Arafura Rare Earths
- Type: Public
- Traded as: ASX: ARU
- Industry: Mining
- Headquarters: Perth, Western Australia
- Area served: Australia
- Key people: Darryl Cuzzubbo (CEO)
- Products: Rare-earth metals
- Website: www.arultd.com

= Arafura Rare Earths =

Australian mining company

Arafura Rare Earths Ltd, formerly Arafura Resources, is an Australian mining company headquartered in Perth, Western Australia. Its flagship project is the Nolans Rare Earths Project, located in Central Australia, which is dedicated to mining and production of rare-earth elements.

==History==
Arafura Resources was listed on the Australian Stock Exchange in 2003. The company was renamed Arafura Rare Earths Ltd in October 2022.

==Description and operations==
Arafura Rare Earths has its headquarters in Perth, Western Australia. As of May 2026, Darryl Cuzzubbo is CEO of the company.

The Australian Government as well as mining magnate Gina Rinehart have invested heavily in the project.

==Nolans Project==
The company's flagship project is the Nolans Rare Earths Project (also known as the Nolans Bore Rare Earths Project), 135 km north of Alice Springs in the Northern Territory. As of 2025 the mine and refinery are still under development, having received support from the Australian Government in the form of an AU$840 million loan and grants package in 2024. In January 2025, the project received a further AU$200m of funding from the government.

The Nolans Bore rare-earths-phosphate-uranium-thorium (REE-P-U-Th) deposit is its main asset, being one of the largest and most intensively explored deposits of its type globally. It will include a mine and processing plant, along with related infrastructure, at the site, making it the first "ore-to-oxide" rare earths facility in Australia.
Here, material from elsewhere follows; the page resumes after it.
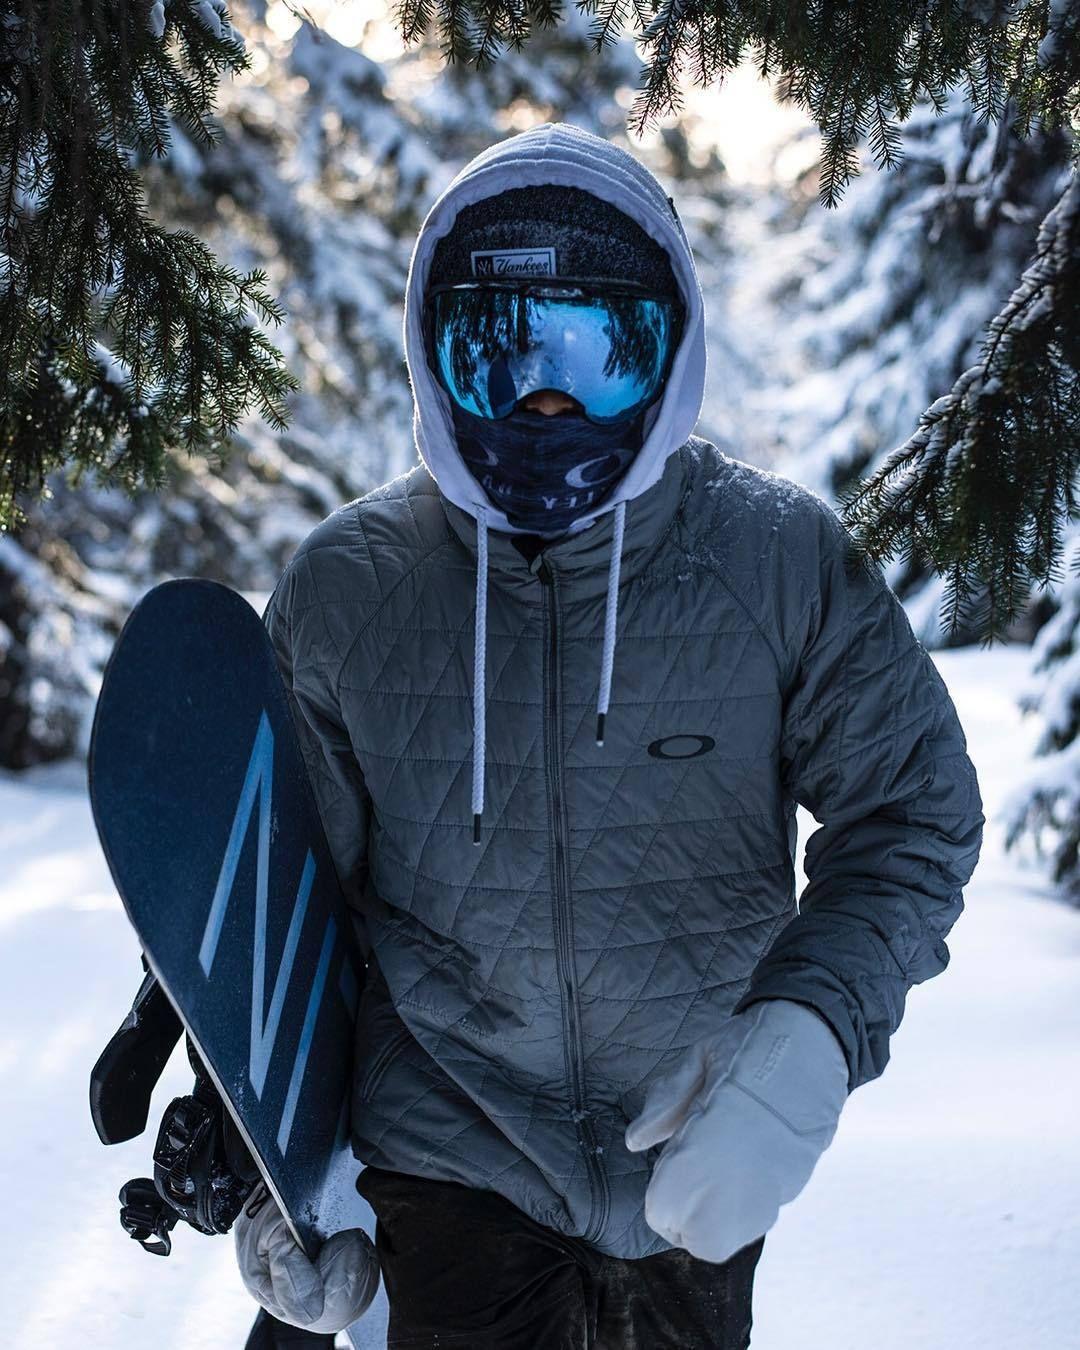 Sven Thorgren Photo Bernstal Snowboarding Outfit Snowboarding Snowboarding Photography

The project is particularly focused on neodymium and praseodymium (NdPr), which are crucial for technologies such as EVs and wind turbines. Arafura intends to become a leading global supplier of NdPr oxide, with the site being one of the world's largest undeveloped sources of these rare-earth elements. The project will be the first Australian fully-integrated mining and rare-earth separation project, and may potentially supply up to 4% of the world's magnet rare earths.

With an initial mine life of 38 years and a valuable phosphoric acid by-product, Nolans is intended to be a long-life, low-cost operation producing NdPr oxide. The project was given the go-ahead to begin construction of the mine by the Albanese government in May 2026. The government will buy up to 500 tonnes of NdPr oxide per year using funds from its Critical Minerals Strategic Reserve, and Arafura also has contracts to supply several international companies, including Hyundai, Kia, Siemens Gamesa and Traxys, an American commodities trading company.